However, this choice picks one object only among isomorphic objects, since any two limiting cones are naturally isomorphic (hence their summit vertices are isomorphic).
Note on the other hand, if $X$ is a limit vertex for a diagram $D$, and $f:Y\to X$ is an isomorphism, then composing every arrow by $f$, we get a limiting cone with vertex $Y$.

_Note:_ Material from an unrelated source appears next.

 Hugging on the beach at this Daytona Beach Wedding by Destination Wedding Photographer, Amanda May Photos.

Moreover, assume that we fixed a limit vertex $L_D:=Lim_{\mathscr C}D$ (with limiting cone!) for each and every diagram $D:{\bf J}\to\mathscr C$, and we also fix arbitrary isomorphisms $f_D:L'_D\to L_D$. Then, $Lim'_{\mathscr C}(D):=L'_D$ (with the limiting cone composed by $f_D$) will be an equally legal limit functor.

So, knowing $G\circ Lim_{\mathscr C}\simeq Lim_{\mathscr B}\circ[{\bf J},G]$ is sufficient, and it does express that $G$ preserves limits of shape $\bf J$, as $G(Lim_{\mathscr C}(D))\cong Lim_{\mathscr B}(GD)$ expresses nothing but that $G(Lim_{\mathscr C}(D))$ is a limit of diagram $GD$ (with corresponding limiting cone).

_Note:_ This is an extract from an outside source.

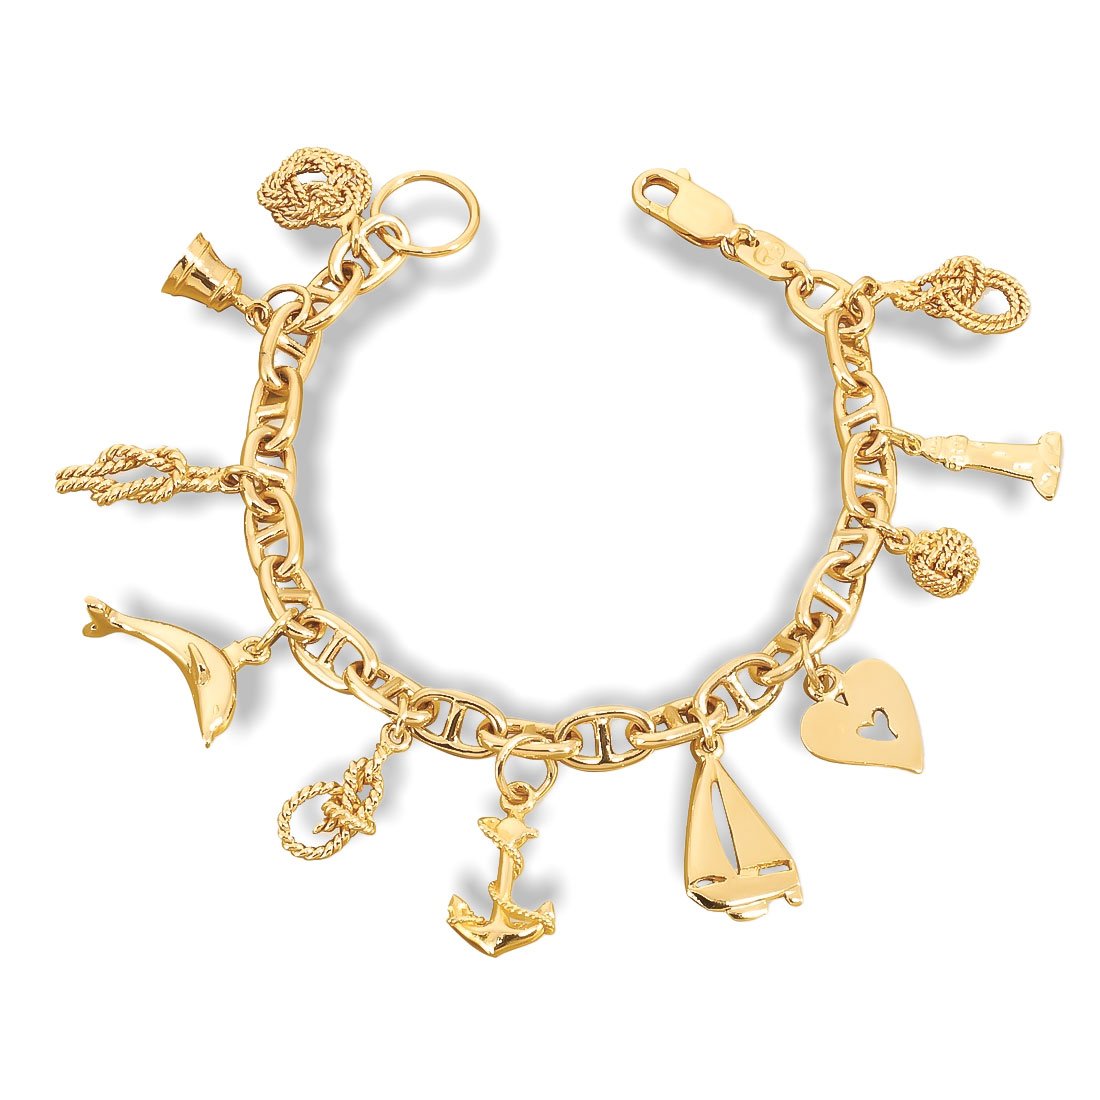 Anchor Chain Bracelet - Heavy Nautical Gold Bracelets - Aumaris Anchor Chains - Sailing Bracelet

Letting $L:=Lim D$, and using naturality of these isomorphisms $\phi_D$ at the limiting cone $\pi:\Delta L\to D$ as a morphism of category $[{\bf J},\mathscr C]$, we get the commutative square $$\matrix{G(L) & = & G(L) \\ \Vert && \downarrow & \hspace{-2.4pc} \scriptstyle{Lim(G\pi)} \\ G(L) &\underset{\phi_D}\to& Lim(GD) }$$ where $Lim(G\pi)$ is the arrow induced by factoring $G\pi$ through the $Lim_{\mathscr B}$-cone.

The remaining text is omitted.